Old Media Policy Failures, New Media Policy Challenges
21 Pages Posted: 5 Aug 2009 Last revised: 19 Nov 2009
Date Written: July 6, 2009
This paper deals with two related subjects. The first is the past failure of economic analysis to trigger elimination of welfare-reducing public policies affecting the older mass media technologies, such as broadcasting. The second is some speculation about future policy issues that may continue or arise from the technical characteristics of the new broadband media, combined with advances in social psychology, neuroscience and behavioral economics.
I draw two principal conclusions. First, the failure of economic analysis to stimulate fundamental reform of media regulation is due largely to the fact that policy makers have greater incentives to focus on the allocation of economic rents among interest groups than to promote consumer welfare.
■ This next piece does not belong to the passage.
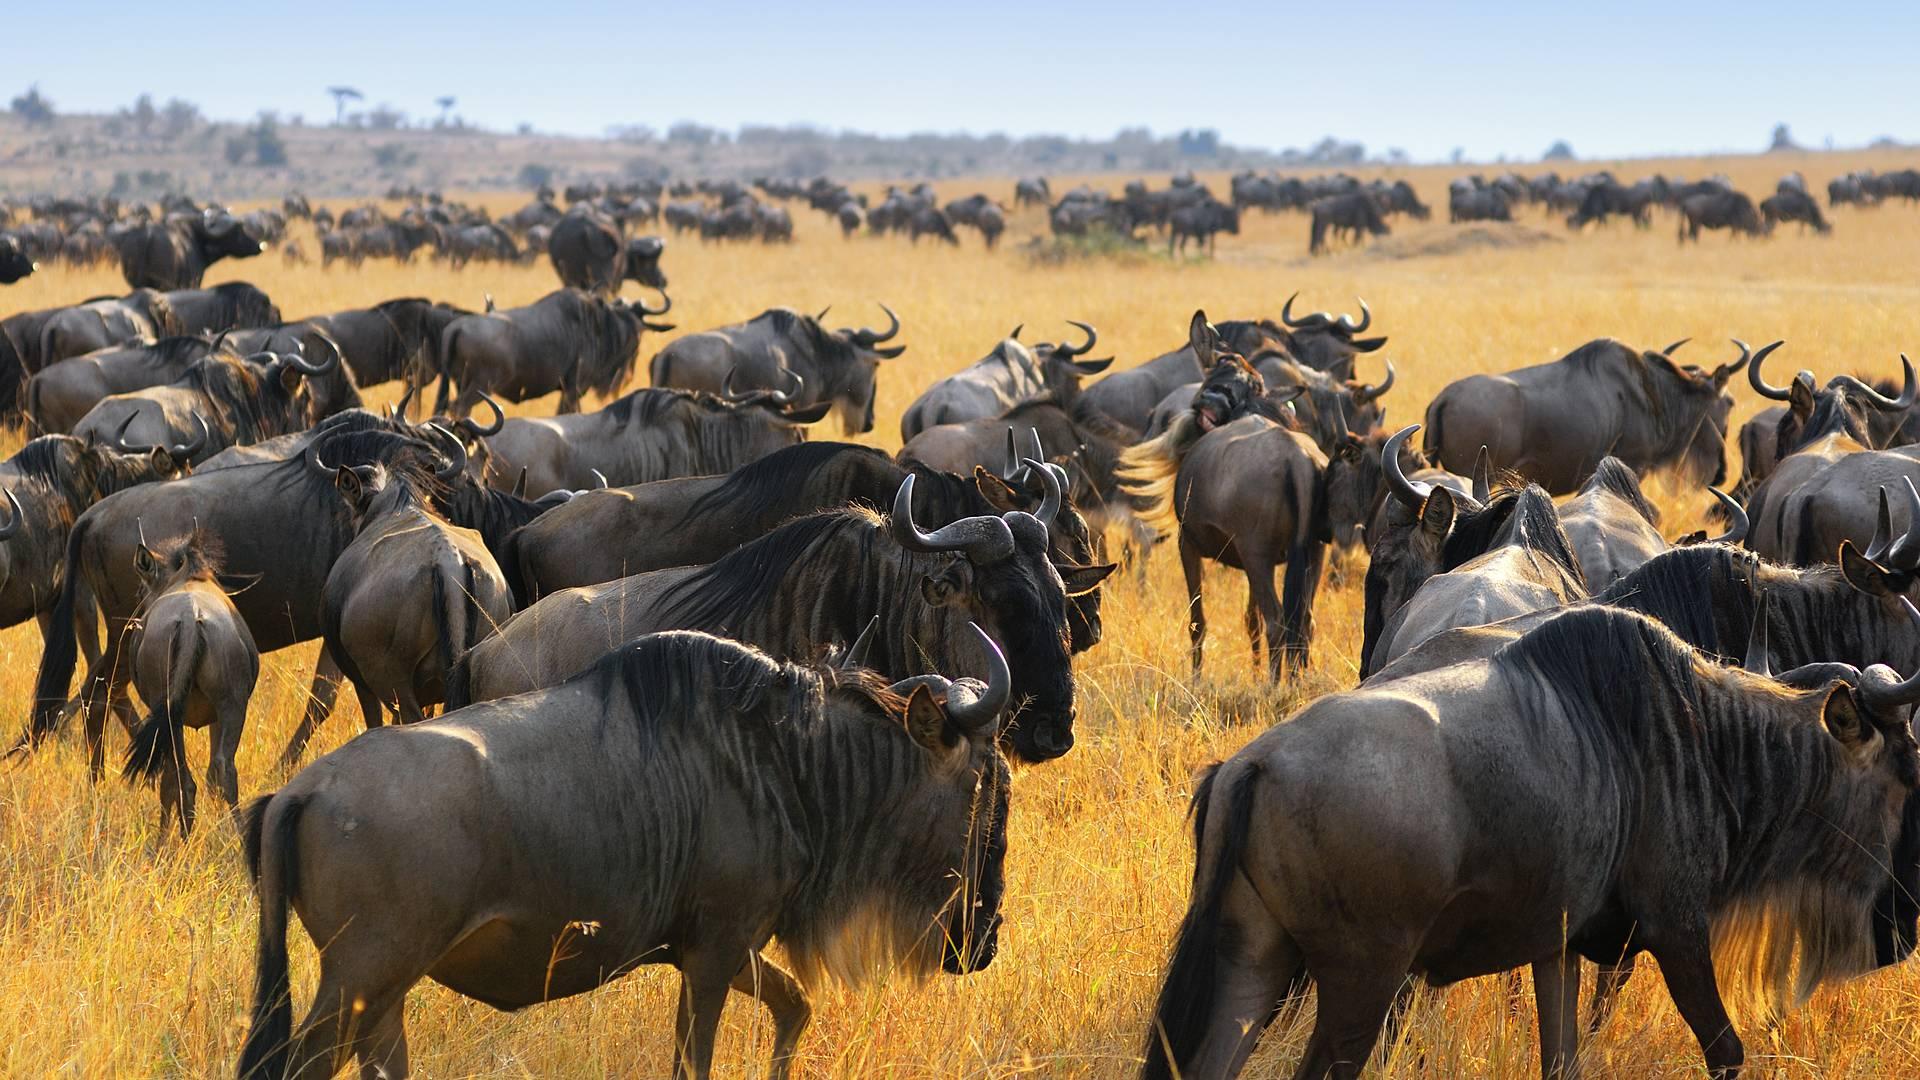 Abenteuer pur im Massai-Mara-Wildreservat

Second, it is clear that IP-based technology is replacing old media such as newspapers and broadcast stations. The technology has the potential to greatly enhance competition and diversity, and to reduce the cost of access by consumers and suppliers to each other. However, regulation is not likely to be reduced, because a whole new rationale for media regulation is being developed. The new rational will be a market failure, based on the adverse welfare effects of competitive media content that is responsive to consumers’ cognitive impairments.
This paper was first presented at a 2009 University of Bayreuth conference on the future of public broadcasting in Germany. While my point of reference is media structure and policy in the United States, I believe that most of what I have to say is also applicable to other countries, including Germany and other members of the European Union. For example, new media technology is challenging the highly concentrated “public” structure of German television, and will continue to do so unless policymakers intervene. The externality rational for public television in Germany is of fading importance, but the argument for public control might be strengthened in the future by welfare-reducing market imperfections in commercial media content.